Why Treasury retained budget for Raila's office and pension


The National Treasury of Kenya has retained the budget allocation for the office of the late former Prime Minister Raila Odinga (and his associated pension) in the revised national budget for the financial year ending June 2026 (supplementary estimates tabled in Parliament recently).

Key details from recent reports (dated March 6, 2026):

The office budget was originally set at Sh63.27 million but was slightly reduced by Sh5 million (specifically cutting insurance costs), leaving it at Sh58.27 million.

This covers operational expenses such as staff salaries (Sh8 million), rent (Sh14.8 million), fuel (Sh4.25 million), travel, communication, and other costs.

The pension and benefits allocation for former prime minister and vice-presidents (including Moody Awori and Kalonzo Musyoka) remains unchanged at Sh86.4 million.

This decision comes nearly five months after Raila Odinga's death, sparking public discussion and questions about why funding continues without an occupant in the office.

Why was the budget retained?

No explicit official explanation has been provided by the Treasury for retaining the full allocation (beyond the minor cut). 

Pensions Secretary Michael Kagika did not respond to media requests for comment on the rationale.

However, based on the legal framework for retirement benefits of former high office holders (under laws like the Retirement Benefits Act and related provisions for former prime ministers/vice presidents):

Pensions are a lifelong entitlement (or to beneficiaries/estate/spouse in case of death), so the Sh86.4 million pooled allocation for former PM and VPs' pensions remains untouched as a matter of statutory obligation. Spouses may receive a portion (e.g., 50% in some cases), but the core pension continues.

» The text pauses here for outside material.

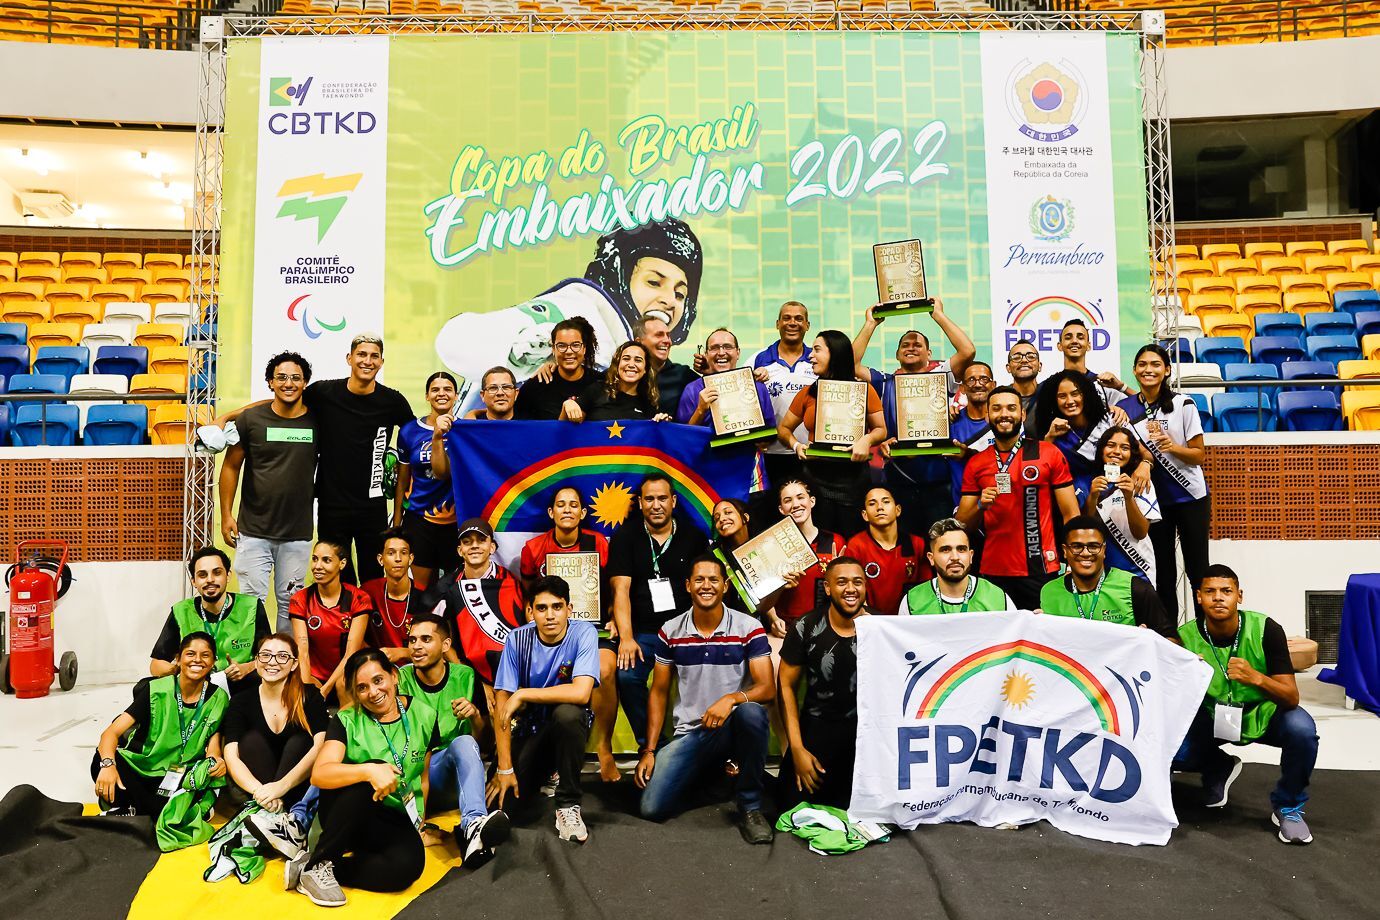 Dona da casa, Seleção Pernambucana é campeã geral da “Copa do Brasil Embaixador 2022”

Office and operational benefits (staff, vehicles, rent, etc.) are typically tied to the retiree's lifetime or structured as post-retirement perks. 

The retention suggests the Treasury has not yet amended or clawed back these provisions posthumously—possibly due to:

Ongoing administrative processes (e.g., winding down the office, estate handling, or pending legal/policy review).

Precedent that such institutional benefits "outlive" the individual in some interpretations (as seen in public comments calling Raila an "institution" or "4th arm of government").

Budget inertia in supplementary estimates, where major changes to entrenched votes require more deliberate action.

The minor insurance cut indicates some adjustment was made, but the core funding was preserved. 

This contrasts with cuts to other areas (e.g., some former leaders' benefits or unrelated votes).

The decision has drawn mixed reactions online, with some questioning the use of public funds for an unoccupied office, while others defend it as honoring legacy commitments.